No worries! If you manage to get a full dmesg out then update the bug with it. That might help us figure out the root cause.

Comment 10 Duane Griffin 2007-07-10 00:00:47 UTC

FYI: I've just noticed a post from Alan Cox on LKML where he mentioned that "there are some cases where trying to load both old and new IDE support for the same chip will do strange things."

I suggest you try disabling libata support for your nForce controller (SATA_NV=n). Note that this will NOT affect your device nodes or do anything else at all scary. I'd be interested in hearing whether this helped, although given how infrequent the problem was it might be hard to tell.

Comment 11 sECuRE 2007-07-11 12:33:52 UTC

(In reply to comment #10)
> FYI: I've just noticed a post from Alan Cox on LKML where he mentioned that
> "there are some cases where trying to load both old and new IDE support for the
> same chip will do strange things."
> 
> I suggest you try disabling libata support for your nForce controller
> (SATA_NV=n). Note that this will NOT affect your device nodes or do anything
> else at all scary. I'd be interested in hearing whether this helped, although
> given how infrequent the problem was it might be hard to tell.
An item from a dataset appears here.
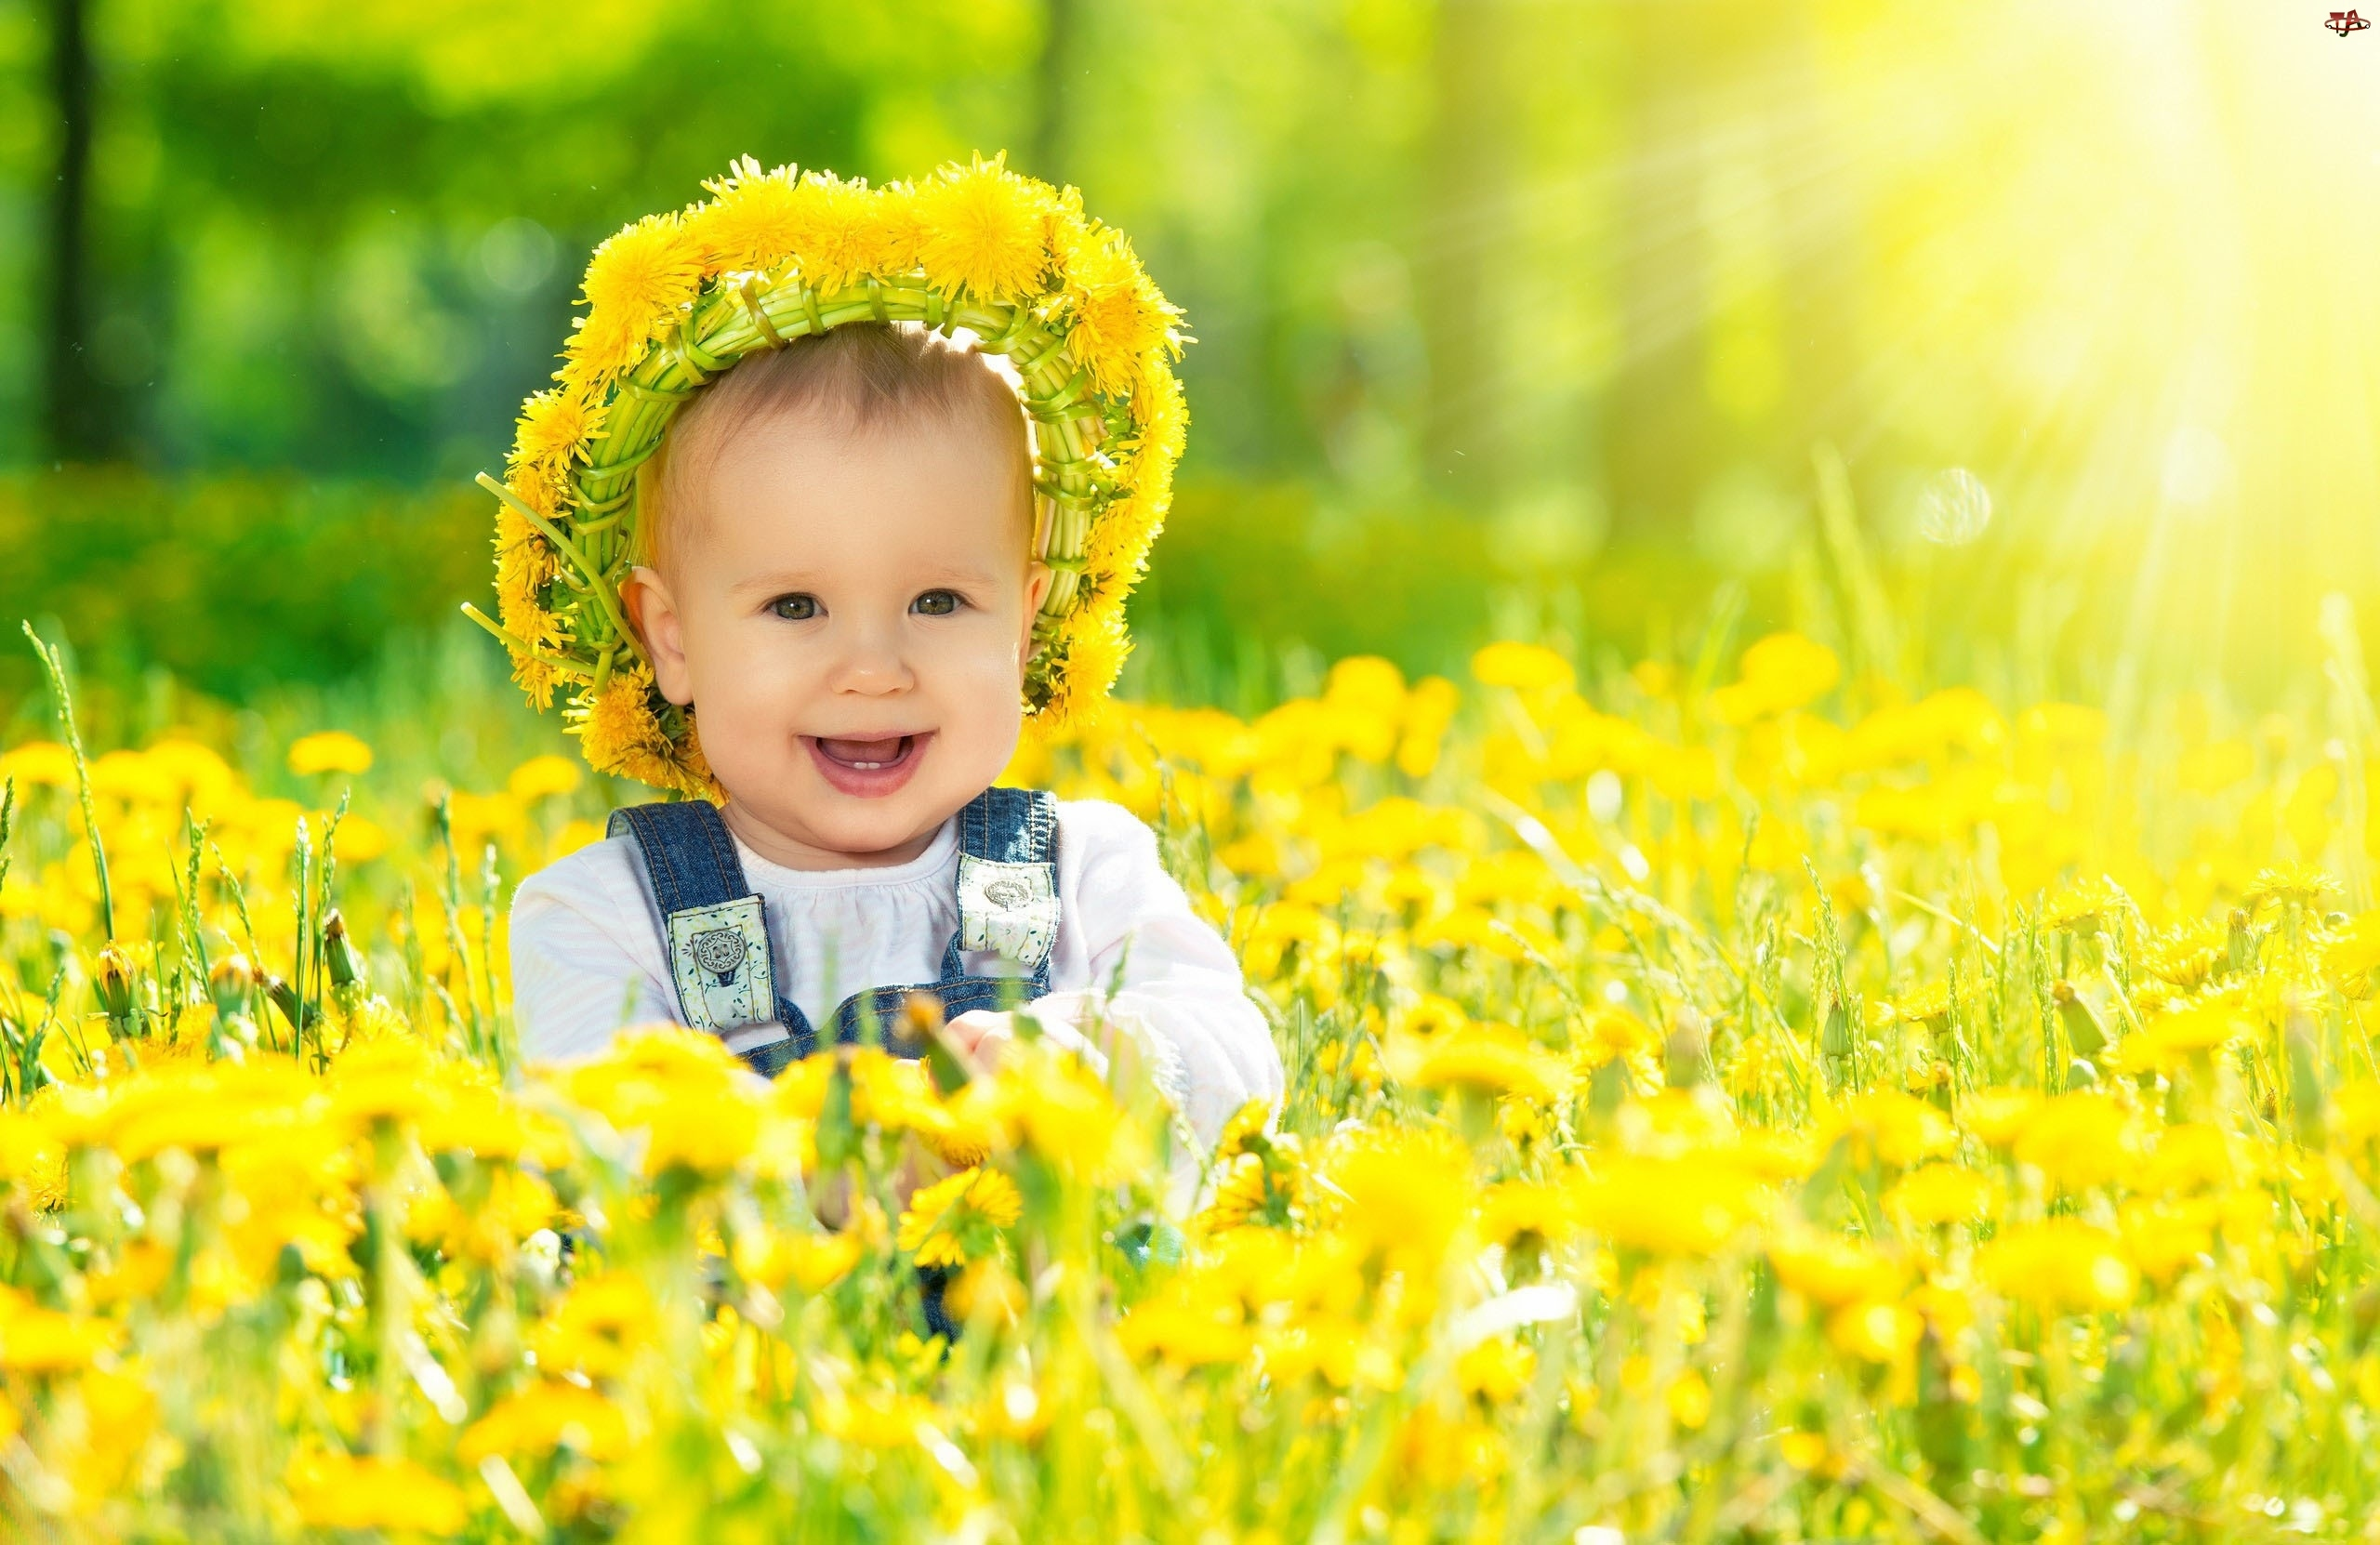 Kwiaty, Dziecko, Wianek
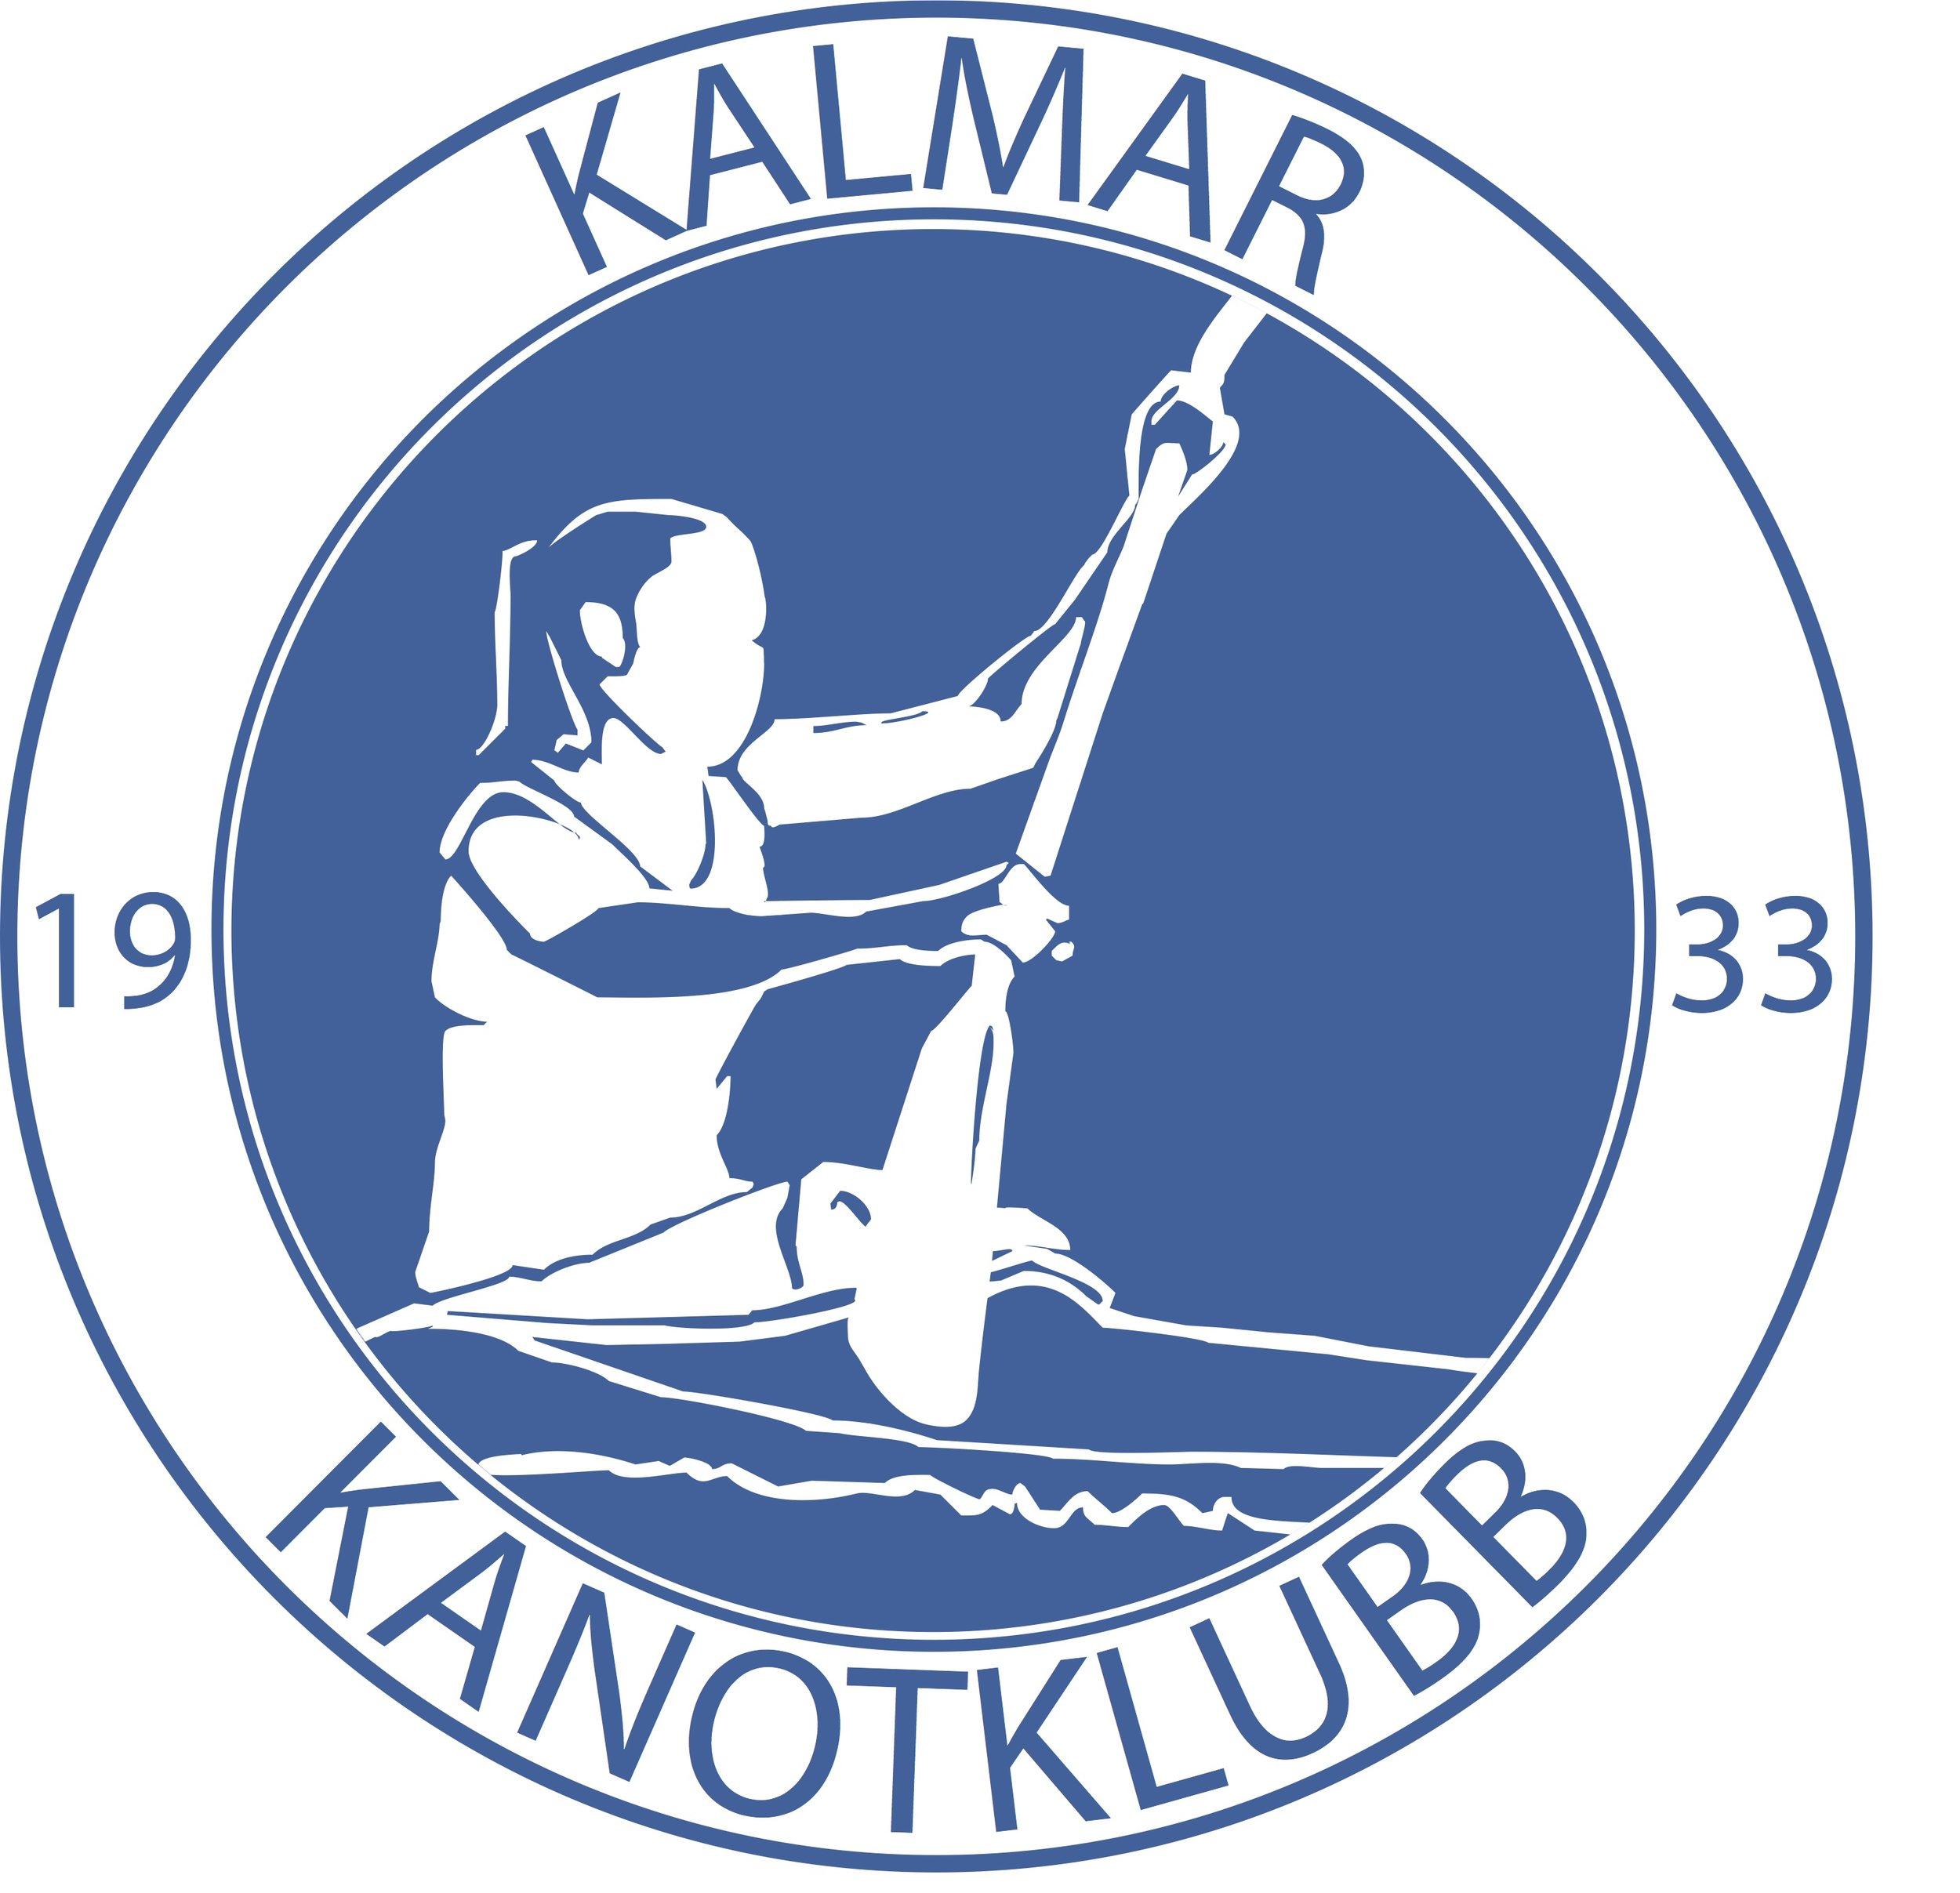 kalmar kanotklubb logo.jpg

Thanks for the hint, I've disabled it and will let you know if it still happens after the next reboot (this may take some time..)

Comment 12 Daniel Drake (RETIRED) gentoo-dev

2007-07-22 04:43:08 UTC

Please also make sure you are running 2.6.22 for new libata EH. Next time this happens, please attach the full dmesg from that session, otherwise we have to guess...

Comment 13 Daniel Drake (RETIRED) gentoo-dev

2007-08-05 22:20:30 UTC

Please reopen if you see this again.

Comment 14 sECuRE 2007-09-07 18:43:26 UTC

(In reply to comment #10)
> (SATA_NV=n). Note that this will NOT affect your device nodes or do anything
> else at all scary.

Due to a power outage I've rebooted today and upgraded the kernel to 2.6.22.6 without SATA_NV. This did however affect the device nodes! There are 2x2 connectors on the board, I'll just call them bus1 and bus2 (with 2 SATA ports each) even if they're not busses. Disabling SATA_NV switched bus1 with bus2, so now I have to boot from /dev/sda instead of /dev/sdc.

Comment 15 Duane Griffin 2007-09-07 23:19:13 UTC

Hmm, that is interesting. At least we know it has an effect, then! Let's see if the problem recurs with that change.